=== Supplied information ===

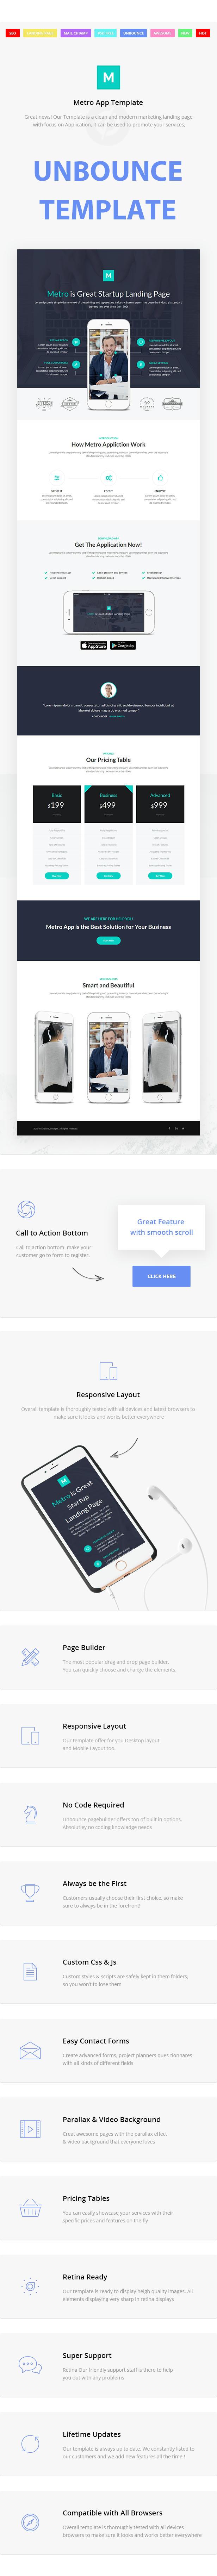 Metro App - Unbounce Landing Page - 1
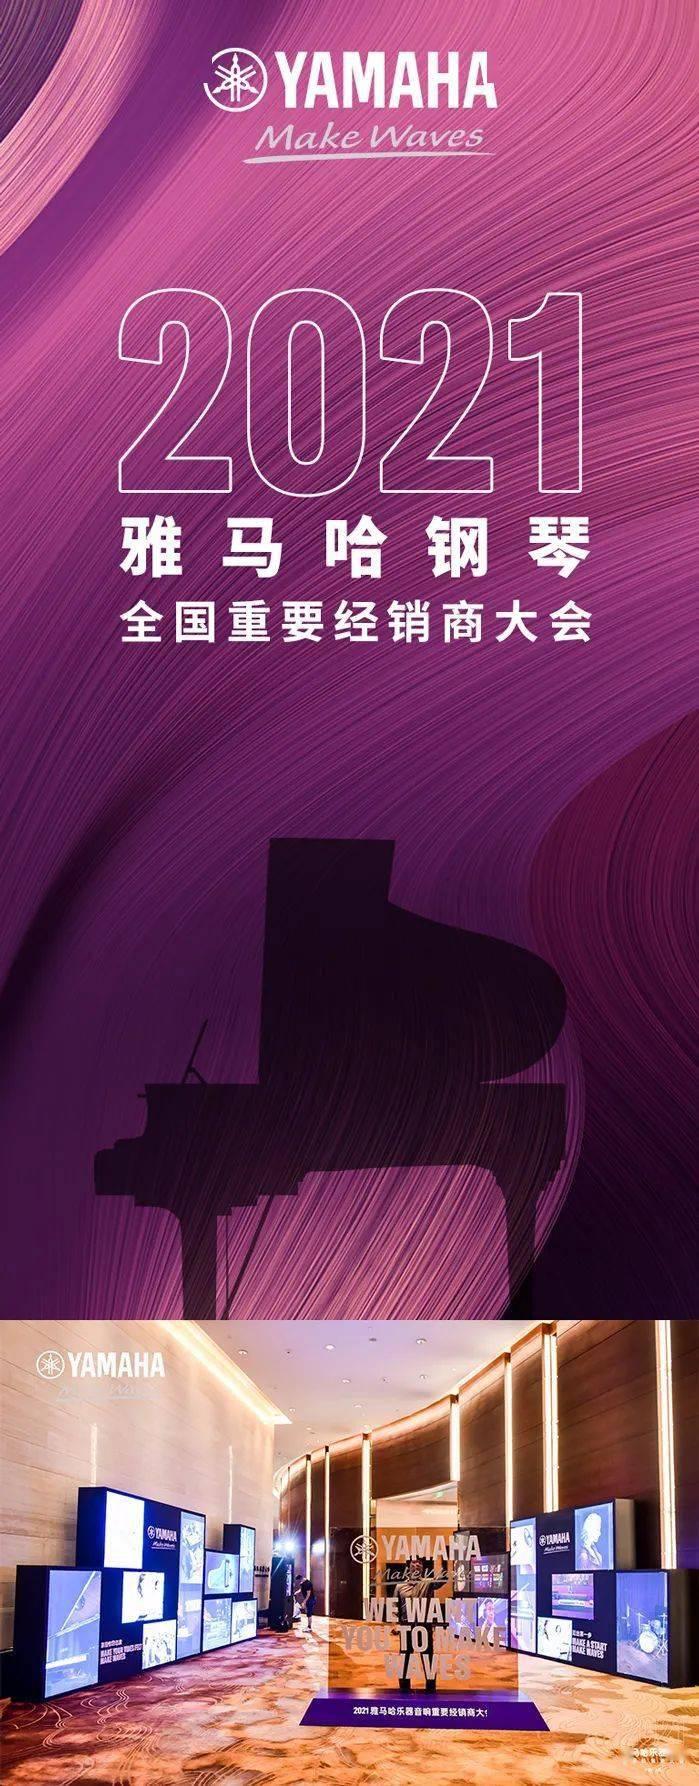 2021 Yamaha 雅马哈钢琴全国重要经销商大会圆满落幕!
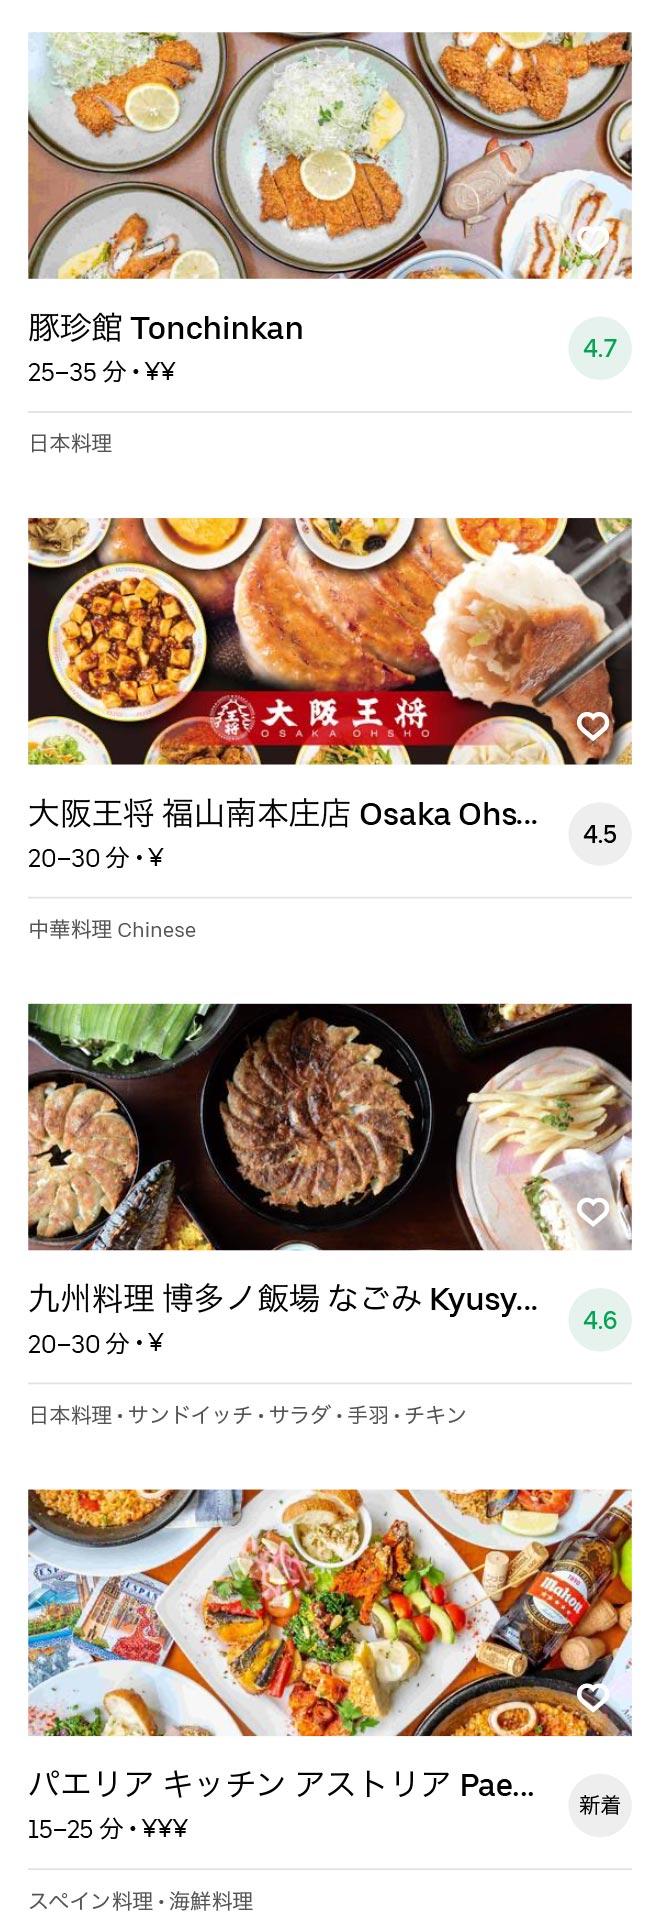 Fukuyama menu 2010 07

===

• Required work: Except for the pictures, give the data again word for word.

• Solution to the exercise:
 Metro App - Unbounce Landing Page - 1
 2021 Yamaha 雅马哈钢琴全国重要经销商大会圆满落幕!
 Fukuyama menu 2010 07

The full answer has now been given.